DUBLIN (Reuters) – Microsoft’s LinkedIn, a social network for professionals, on Thursday said it would add 800 new jobs to its European headquarters in Dublin, the latest technology company to boost its presence in Ireland.
The move underscores signs that hiring in Ireland remains robust despite neighbouring Britain’s planned departure from the Europe Union and a slowdown in global economic growth.
Foreign companies account for around one in 10 jobs among Ireland’s more than two million workers, benefiting from a corporate tax rate of just 12.5%.

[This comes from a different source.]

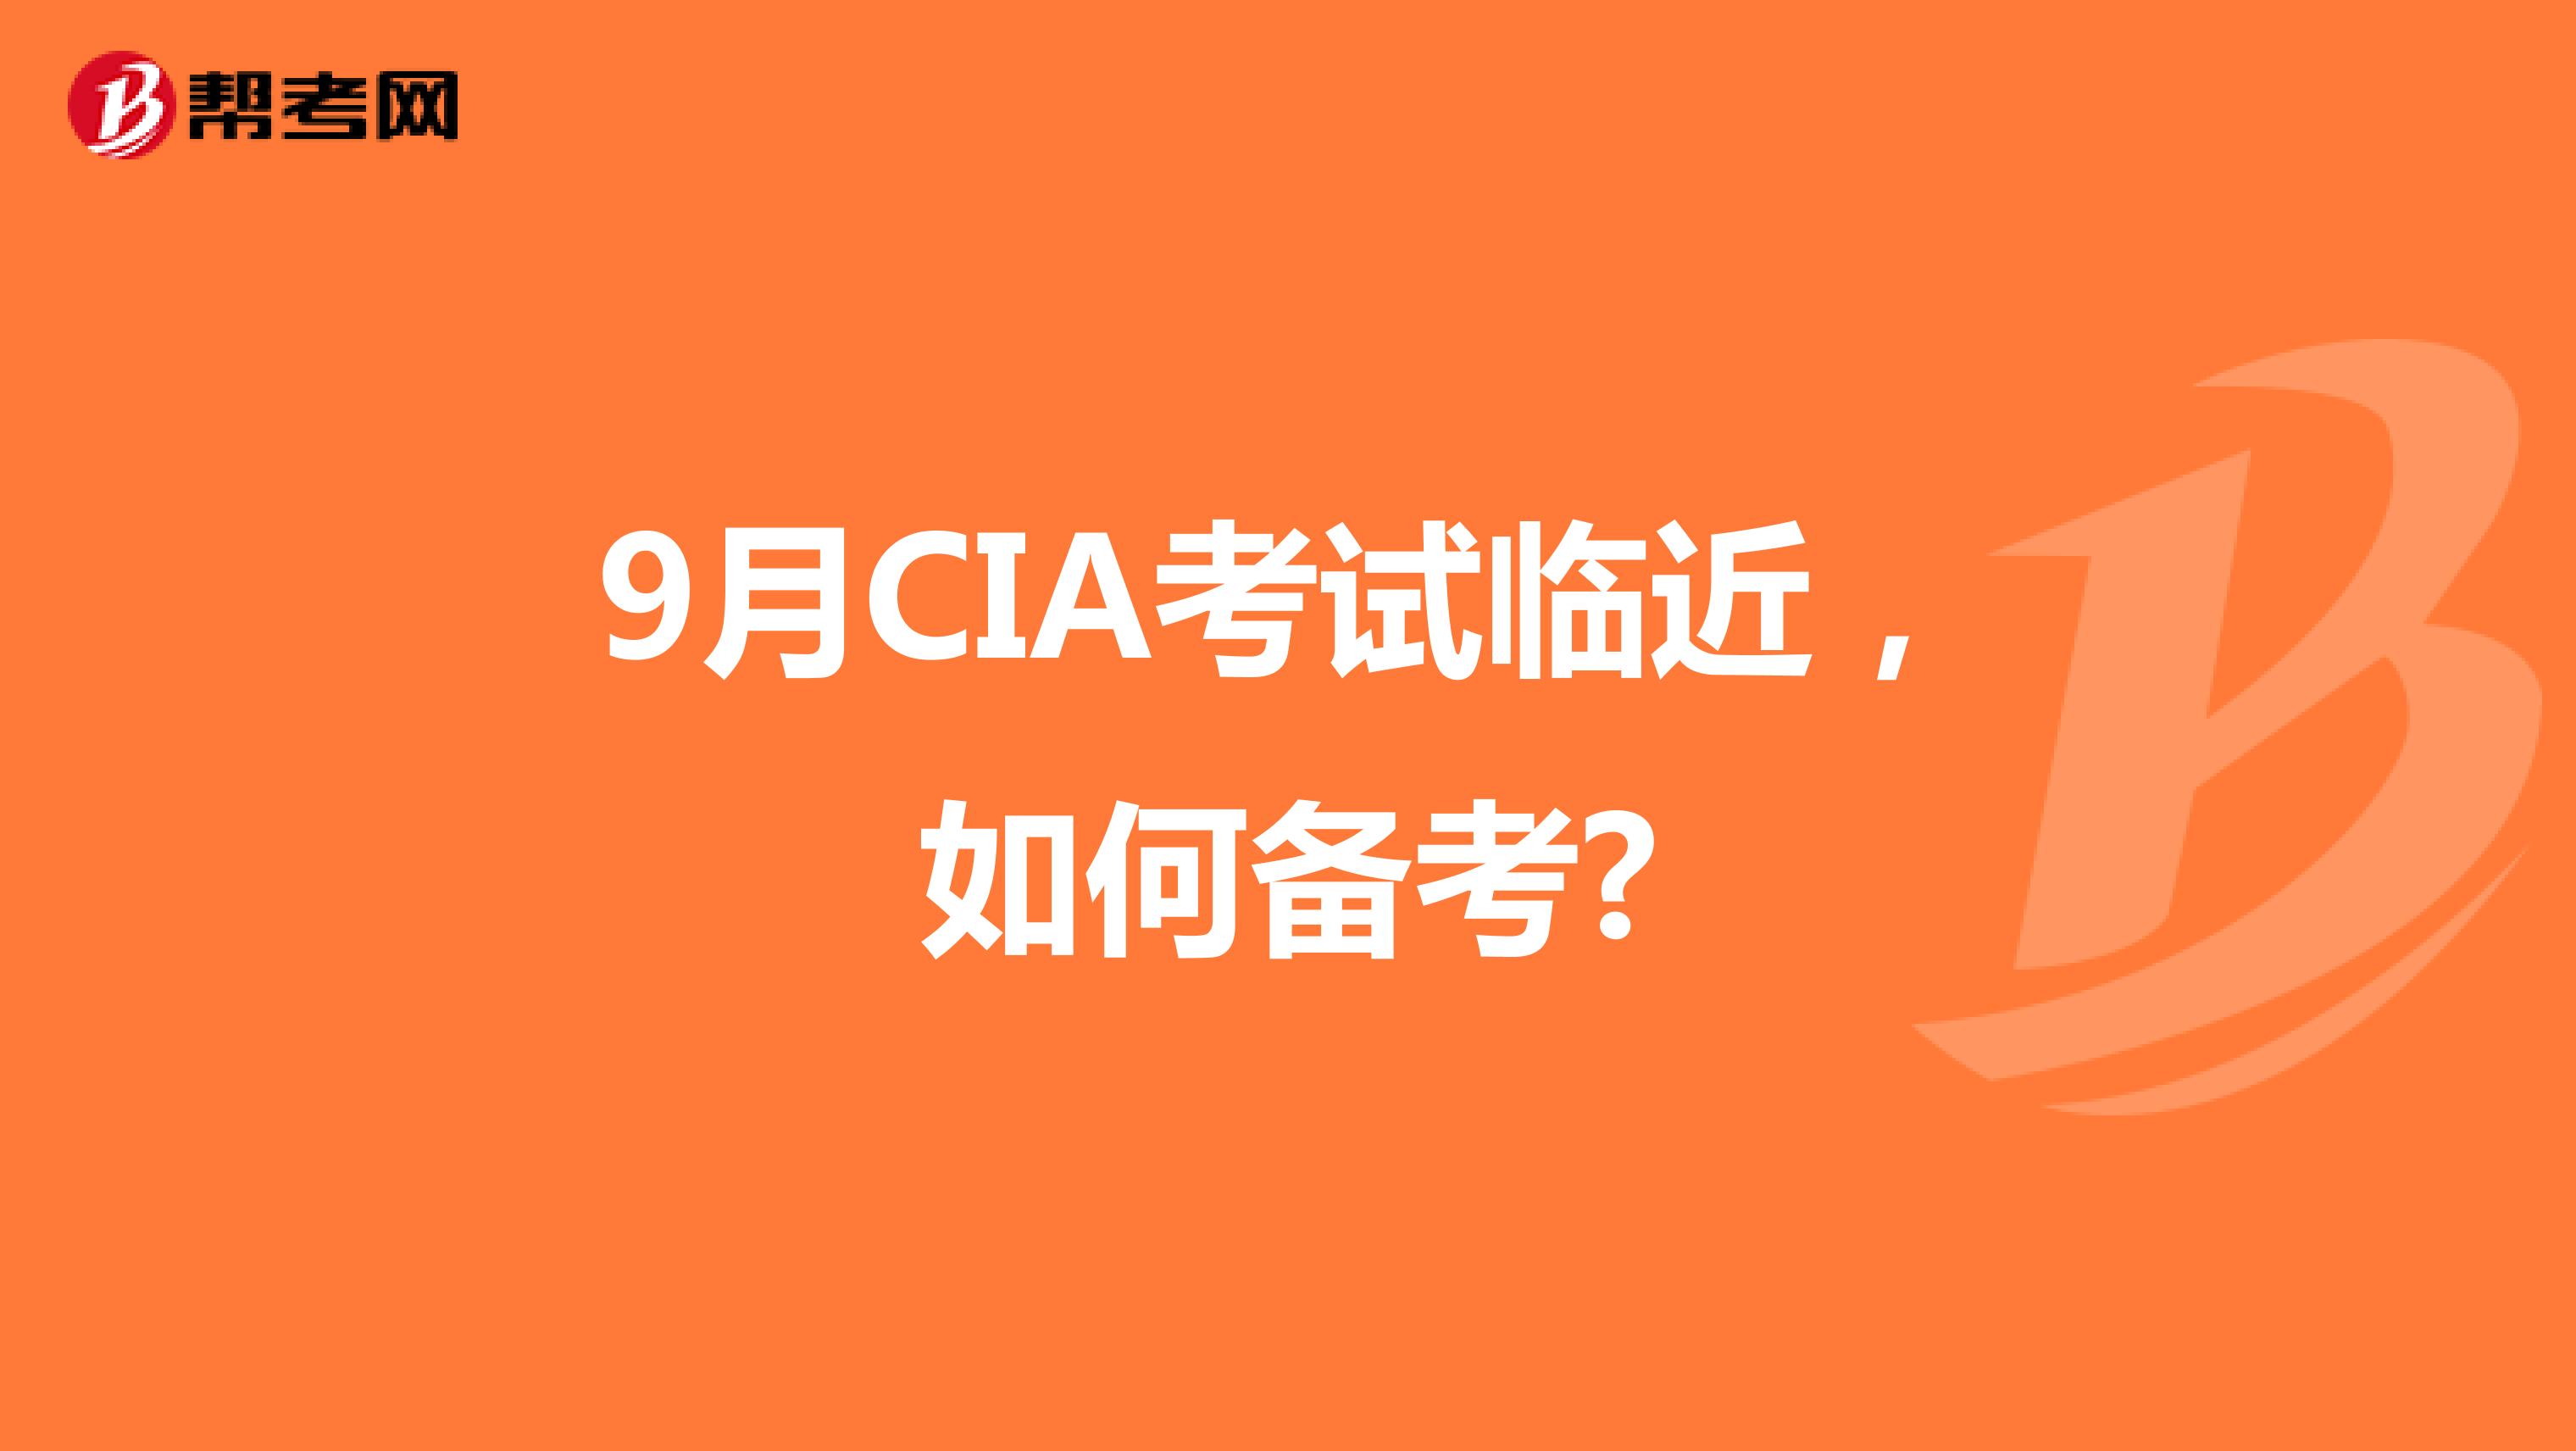 9月CIA考试临近，如何备考?

The European Commission in August 2016 ordered Ireland to recover 13 billion euros from Apple because of an illegal tax deal which gave the company an unfair advantage in breach of the bloc’s state aid rules. But the ruling has done little to slow the flow of multinational jobs into Ireland, with the amount of new roles growing at a record pace last year.

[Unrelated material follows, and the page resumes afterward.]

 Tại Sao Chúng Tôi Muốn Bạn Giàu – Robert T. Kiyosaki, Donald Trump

Facebook said in January that it would hire 1,000 more people in Dublin this year. U.S. cloud software maker Salesforce has also said it planned to add 1,500 jobs over the next five years, one of the largest job commitments in the 70-year history of the state’s foreign investment agency.
Sunnyvale, California-based LinkedIn, which has more than 630 million members around the world, said the new employees will be based at a new 150,000 square foot development in central Dublin due for completion towards the end of next year.